Claims 10 and 11 allege that Williams was denied counsel at a critical stage in the proceedings when counsel withdrew from representation during appeal (Filing No. 1433 at 115, 123). Williams claims that he was without assistance of counsel during direct appeal from March 29 through August 22, 2013. Id. A defendant's right to counsel on appeal is guaranteed by the Fifth Amendment due process clause. United States v. Steele, 518 F.3d 986, 988 (8th Cir. 2008). The Supreme Court of the United States has established "that the right to appointed counsel extends to the first appeal of right, and no further." Pennsylvania v. Finley, 481 U.S. 551, 555, 107 S.Ct. 1990, 95 L.Ed.2d 539 (1987).

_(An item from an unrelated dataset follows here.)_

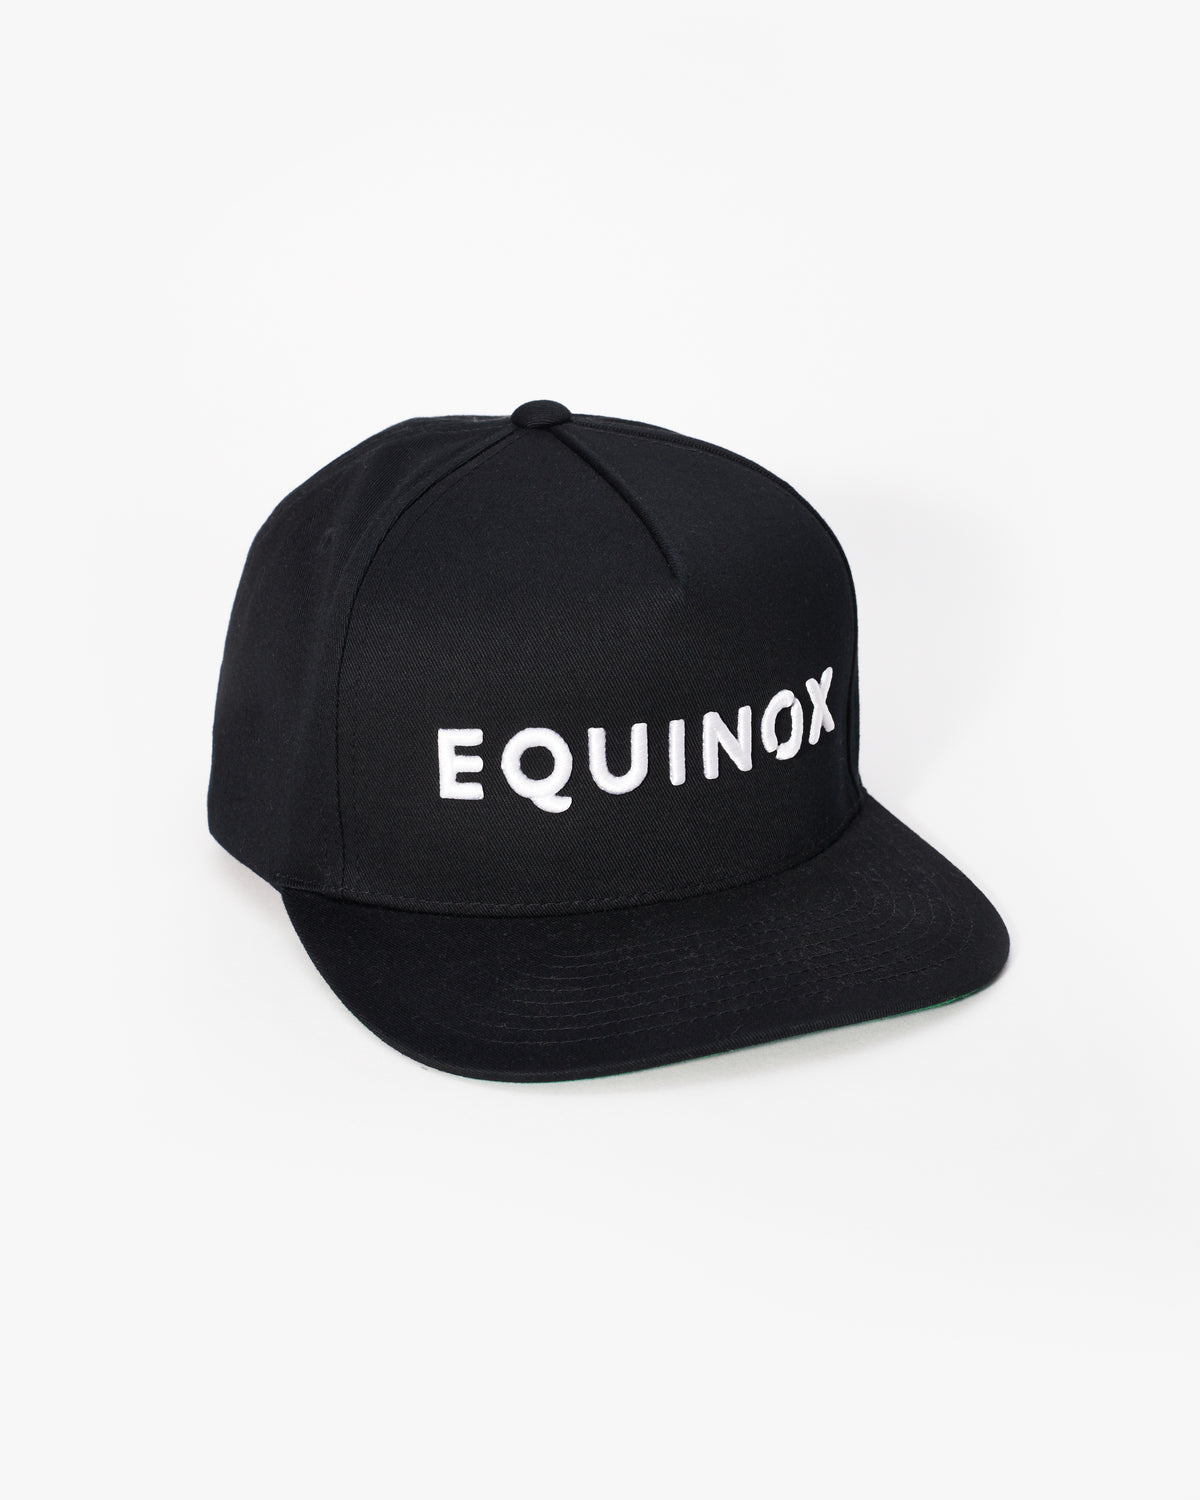 Equinox Shop Equinox Snapback The at – Brim Flat Hat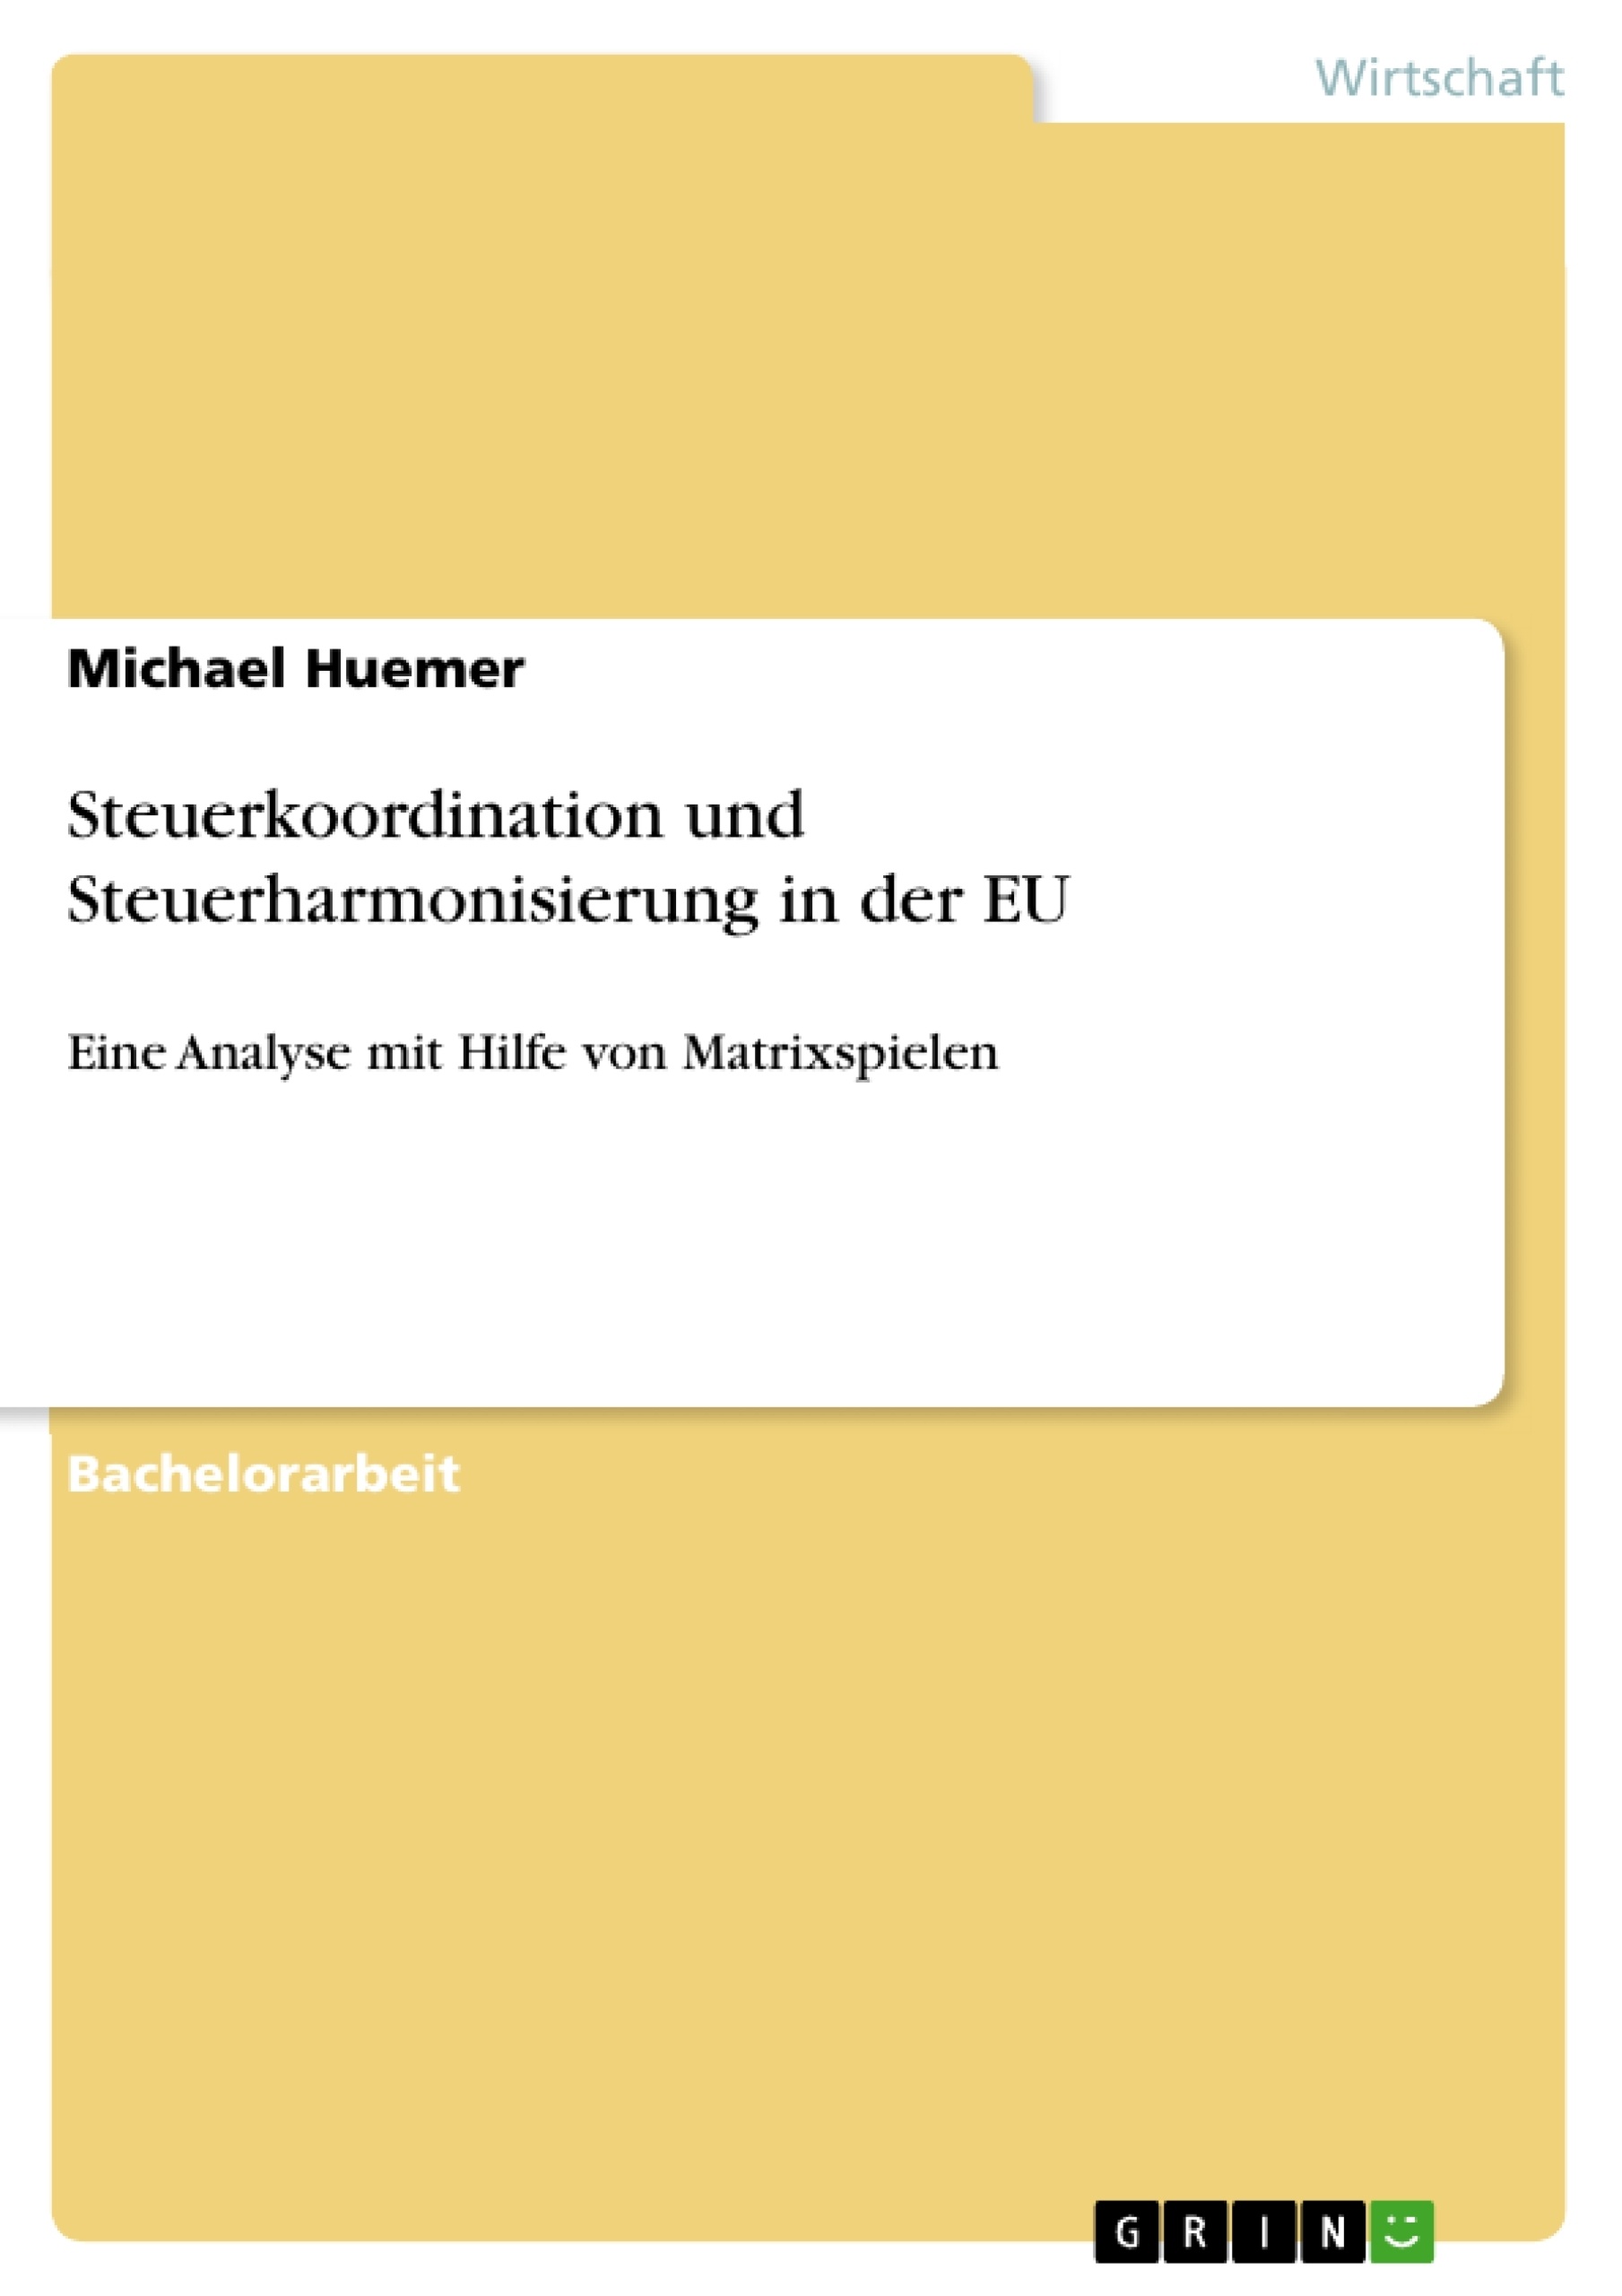 Title: Steuerkoordination und Steuerharmonisierung in der EU

The right to counsel on appeal does not apply to discretionary appeals. See Id.

In this case, Williams had appellate counsel, Reisinger, during the critical stages of his case. Reisinger prepared and submitted an appellate brief and appeared for oral argument. On March 28, 2013, a month after oral argument, the Eighth Circuit granted Reisinger's motion to withdraw as counsel. Williams' request for appointment of new counsel was denied by the Eighth Circuit. The record indicates that Williams had counsel during the critical stages of his direct appeal, and the due process clause of the Fifth Amendment does not apply to discretionary appeals.

IV. All Other Additional Claims

In Claim 18, Williams alleges that "the government failed to impeach the testimony of Joe Mark Felix: the knowing use of false evidence . . . ." (Filing No. 1433 at 154). The same issue was addressed on direct appeal in Williams' pro se brief. (Entry ID 3977228, CM/ECF p. 103). "With rare exceptions, § 2255 may not be used to relitigate matters decided on direct appeal." Sun Bear v. United States, 644 F.3d 700, 702 (8th Cir. 2011). Therefore, the Court will not relitigate matters that were addressed on direct appeal.

Claims 22 and 24 allege that the government withheld Brady material during trial. Under Brady v. Maryland, "the suppression by the prosecution of evidence favorable to an accused upon request violates due process where the evidence is material either to guilt or to punishment, irrespective of the good faith or the bad faith of the prosecution." 373 U.S. 83, 87, 83 S.Ct. 1194, 10 L.Ed.2d 215 (1963). Relief under § 2255 is not available to correct errors which could have been raised on direct appeal absent a showing of cause and prejudice, or a showing that the alleged errors were fundamental defects resulting in a complete miscarriage of justice. See United States v. Frady, 456 U.S. 152, 167-68 (1982).

Claim 22 alleges that the government allowed FBI Agent Kevin Hytrek to testify falsely. Claim 24 contends that the government improperly moved to quash Williams' subpoena of Officer Bruck due to an injury. Williams contends that Officer Bruck was working at the time of trial and should have been available to testify. Williams has not shown cause and prejudice for either claim, or that the alleged errors were fundamental defects resulting in a complete miscarriage of justice.

Conclusion

The Court has carefully reviewed Williams' 24 claims. The Court finds that Williams failed to meet his burden under Strickland for the ineffective assistance of counsel claims. The Court also finds Williams had counsel during all critical stages. Finally, all the other additional claims brought by Williams lack merit. Therefore, the Court will deny Williams' motion to vacate, set aside, or correct sentence under § 2255. A separate order will be entered in accordance with this memorandum opinion.